Subcellular fractions prepared from rodent forebrain at different postnatal ages were examined for calmodulin-binding proteins using [125I]calmodulin and a gel overlay technique. Synaptic junction (SJ) fractions from newborn brain, which display purity comparable to adult SJ fractions, contain low but detectable amounts of 60 and 50 kdalton calmodulin-binding polypeptides; the latter being the major postsynaptic density protein. These polypeptides have recently been shown to be the calmodulin-binding protein subunits of calmodulin-dependent protein kinase II (CaM-kinase II). CaM-kinase II polypeptides represented the predominent calmodulin-binding proteins in nearly every subcellular fraction examined, regardless of postnatal age.
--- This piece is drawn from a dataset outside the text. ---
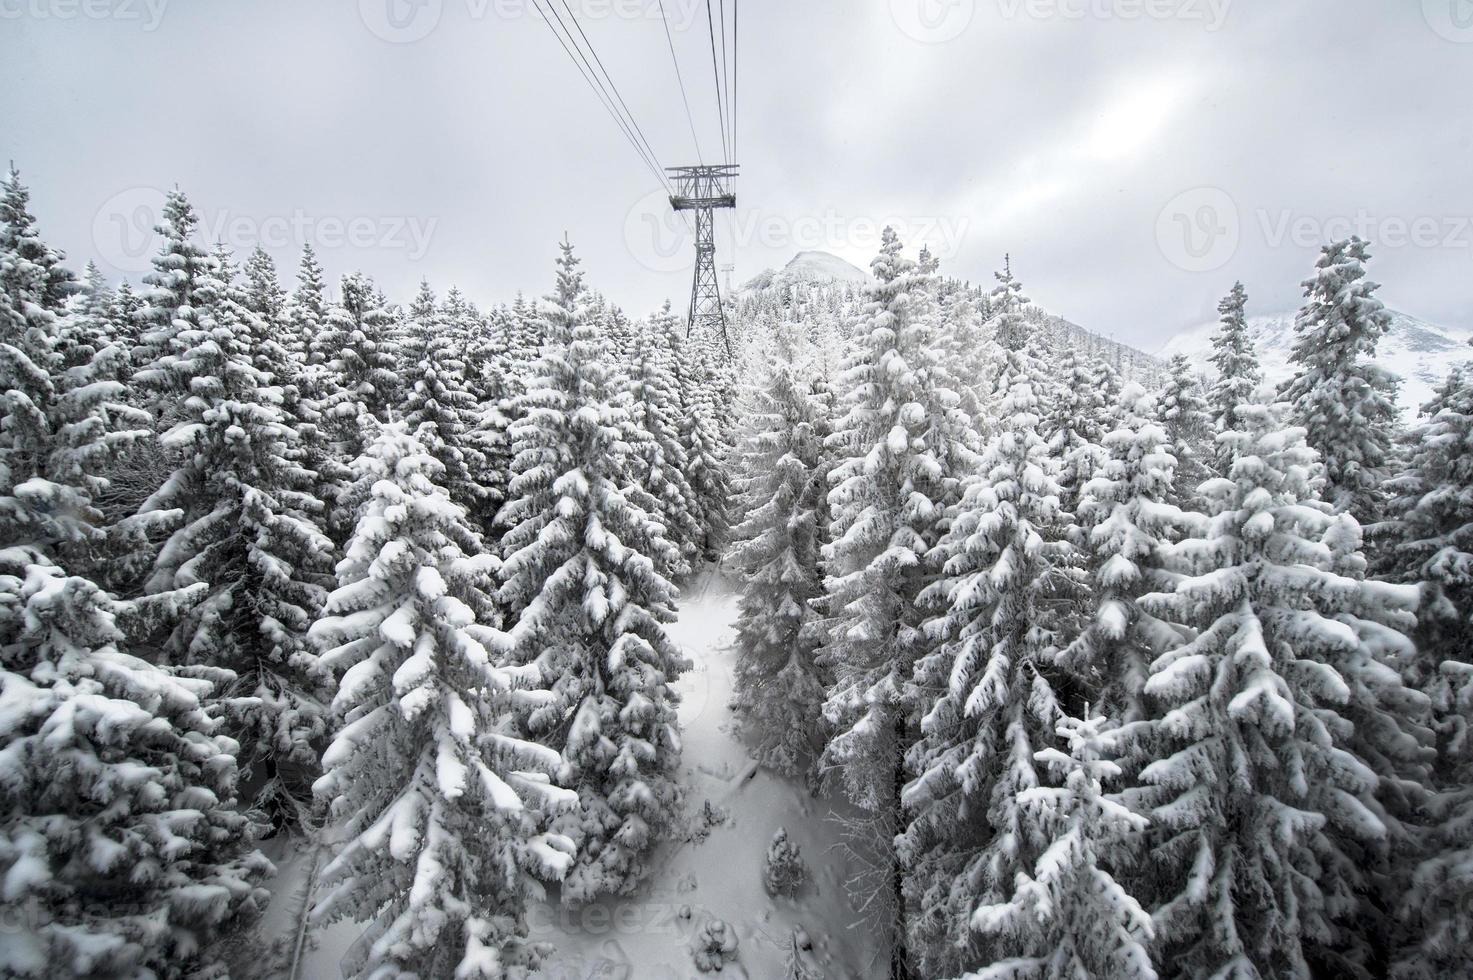 caminho coberto de neve durante o inverno foto

Large increases were observed in the CaM-kinase II content of every subcellular fraction throughout postnatal development. During development, a striking shift in the subcellular distribution of CaM-kinase Ii was observed. Over 4 times as much CaM-kinase II was cytosolic relative to particulate in newborn brain while this ratio was completely reversed in adult brain. Large age-dependent increases in particulate-associated CaM-kinase II were observed in highly purified synaptic plasma membrane (5-fold) and SJ (14-fold) fractions. The CaM-kinase II content of SJ fractions increased approximately 70% between days 24 and 90, a period in development that follows the most active stages of synapse formation in situ. In adult brain, approximately 60% of CaM-kinase II in crude synaptosomal fractions (P2-INT) was recovered in SJ fractions. The CaM-kinase II in SPM fractions from all developmental ages resists solubilization in Triton X-100 and greater than 90% is recovered in SJ fractions. These studies indicate that during brain development the accumulation of SJ-associated CaM-kinase II represents an important process in the molecular and enzymatic maturation of CNS postsynaptic structures.